One of the cuts of pork I have recently embraced with a passion is Pork Butt Chops and one of the reasons I have jumped on this particular cut from the humble porcine creature (that’s a pig y’all) is because I get the great flavor that the butt provides without having to cook a huge amount of it all at once oh and, the store I get mine from sells two to a package for about $8.00 and the chops more resemble the side of a cow instead of pork chops. THEY ARE MASSIVE.

I have two different ways that I do these chops. The first is to hit them with a simple dry rub and then grill them. The other and this is only if I have time, is to marinate them for about an hour before grilling.

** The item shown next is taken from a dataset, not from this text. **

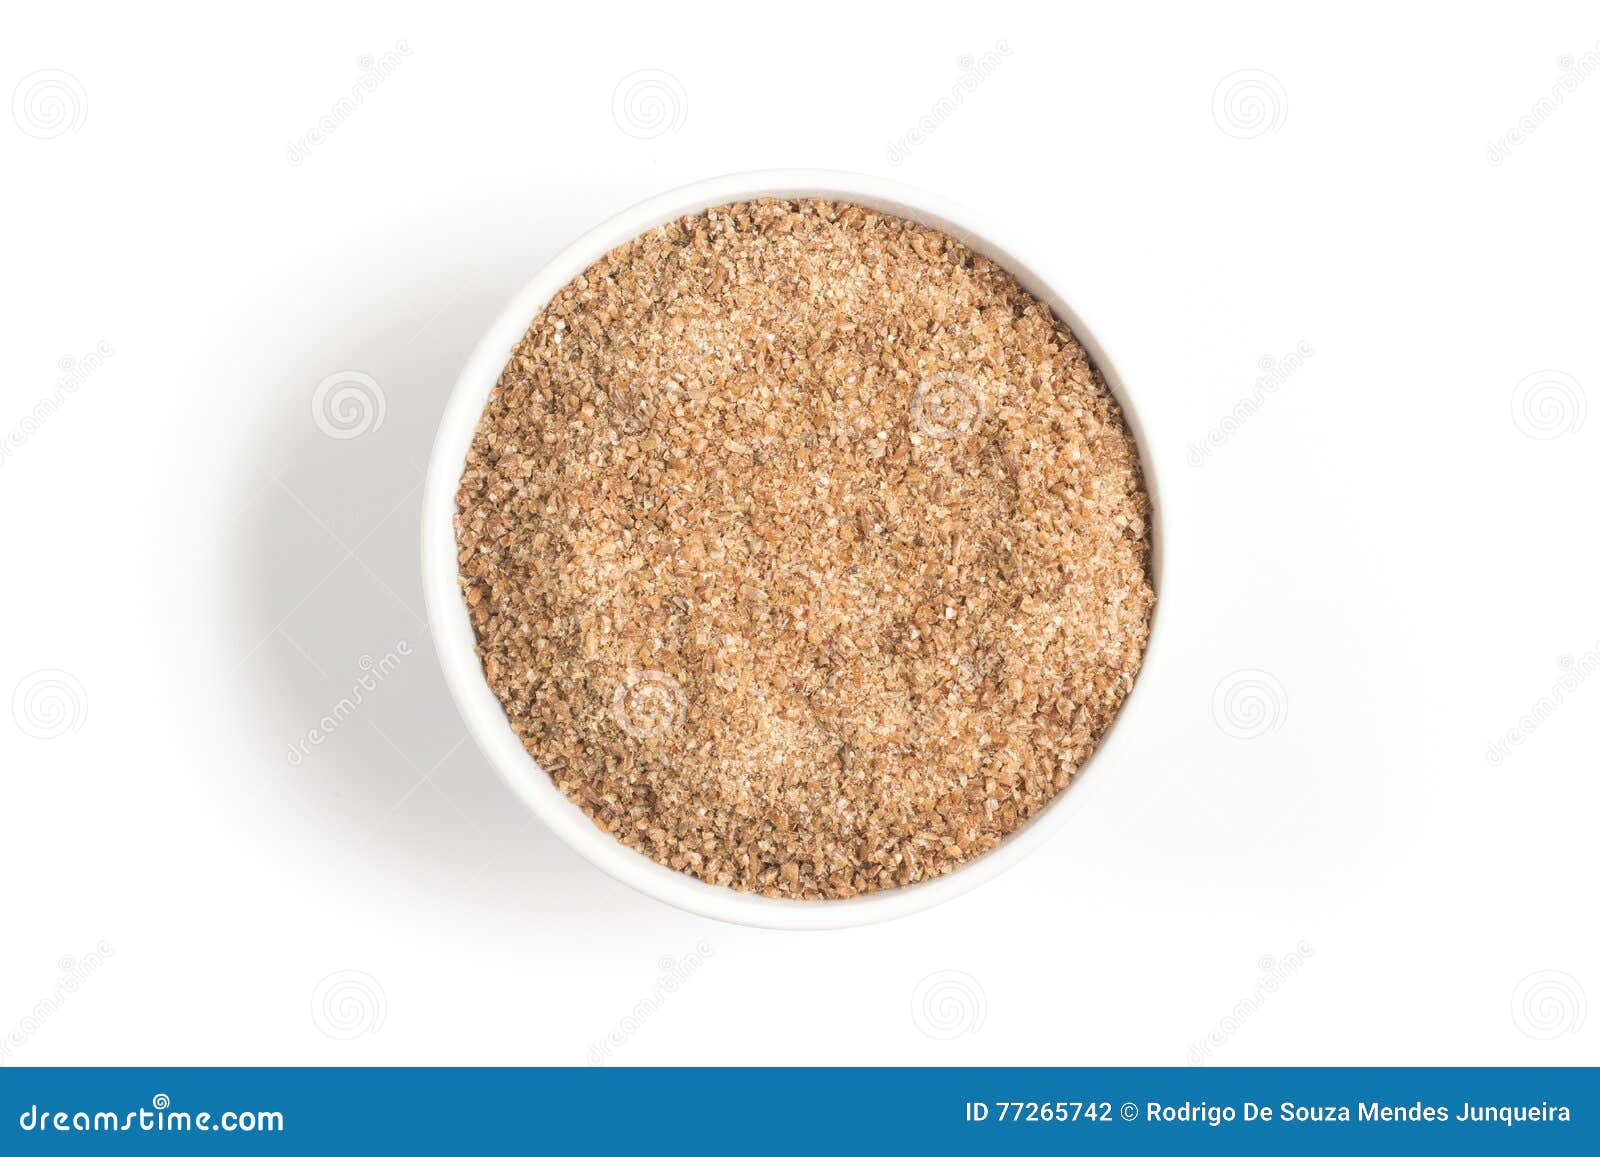 ground wheat into a bowl. trigo para quibe. kibbeh
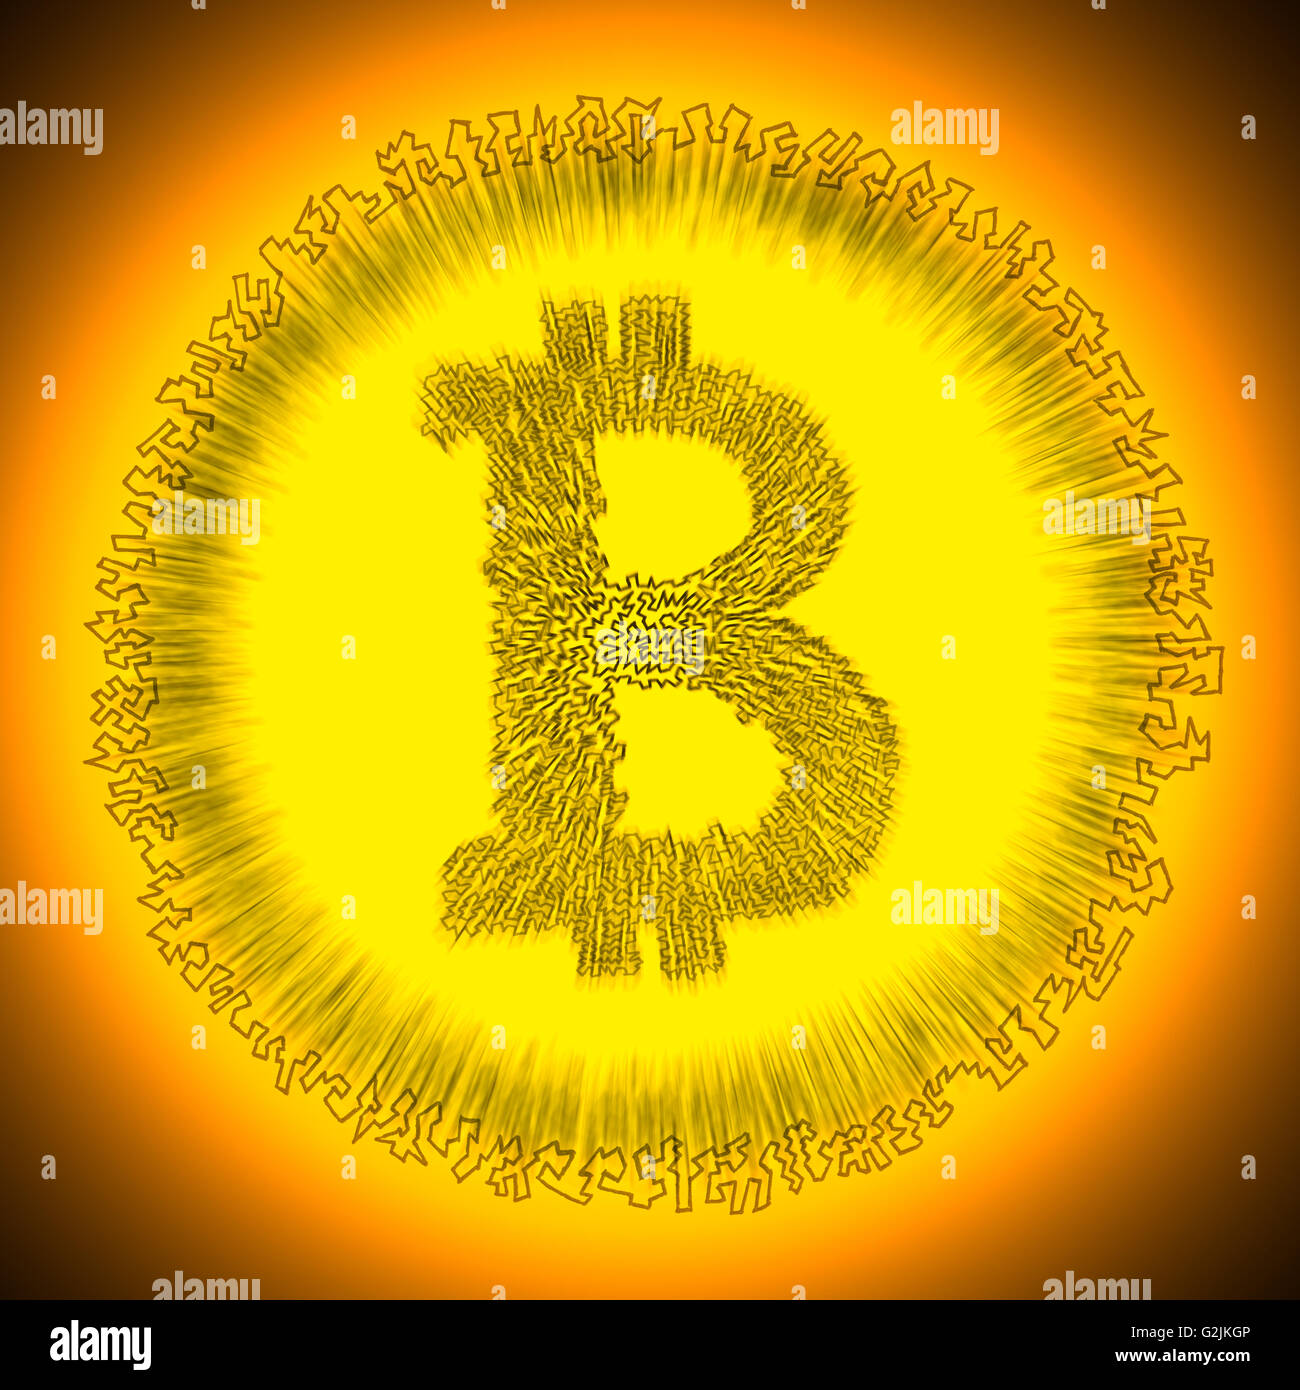 Logotipo dorado serrada Bitcoin radiante. Ilustración de una moneda digital cryptocurrency descentralizada. Foto de stock

Here’s my Marinade method:

Ingredients:

      –    Two large Pork Butt chops

     –     Three minced garlic cloves

    –      1 Teaspoon salt

     –     1 ½ Teaspoons ground pepper

     –     1 ½ Teaspoons granulated onion

      –    ¼ cup Chopped Cilantro

      –    3 Tablespoons Olive oil

 

Method:

     –    Place the chops in a zip lock bag or any other type of sealable container

    –     In a separate mixing bowl combine all ingredients and mix until a paste has formed

    –     Add the paste to the bag or container and mix well until the chops are evenly coated

     –    Place in the refrigerator for at least an hour

     –   Grill for approximately 20 minutes, turning over at the half way mark (about  10 minutes) or until the internal temperature hits 160 degrees

Serve this with whatever side you wish, I’d suggest some grilled corn on the cob (see sides) and roast potatoes.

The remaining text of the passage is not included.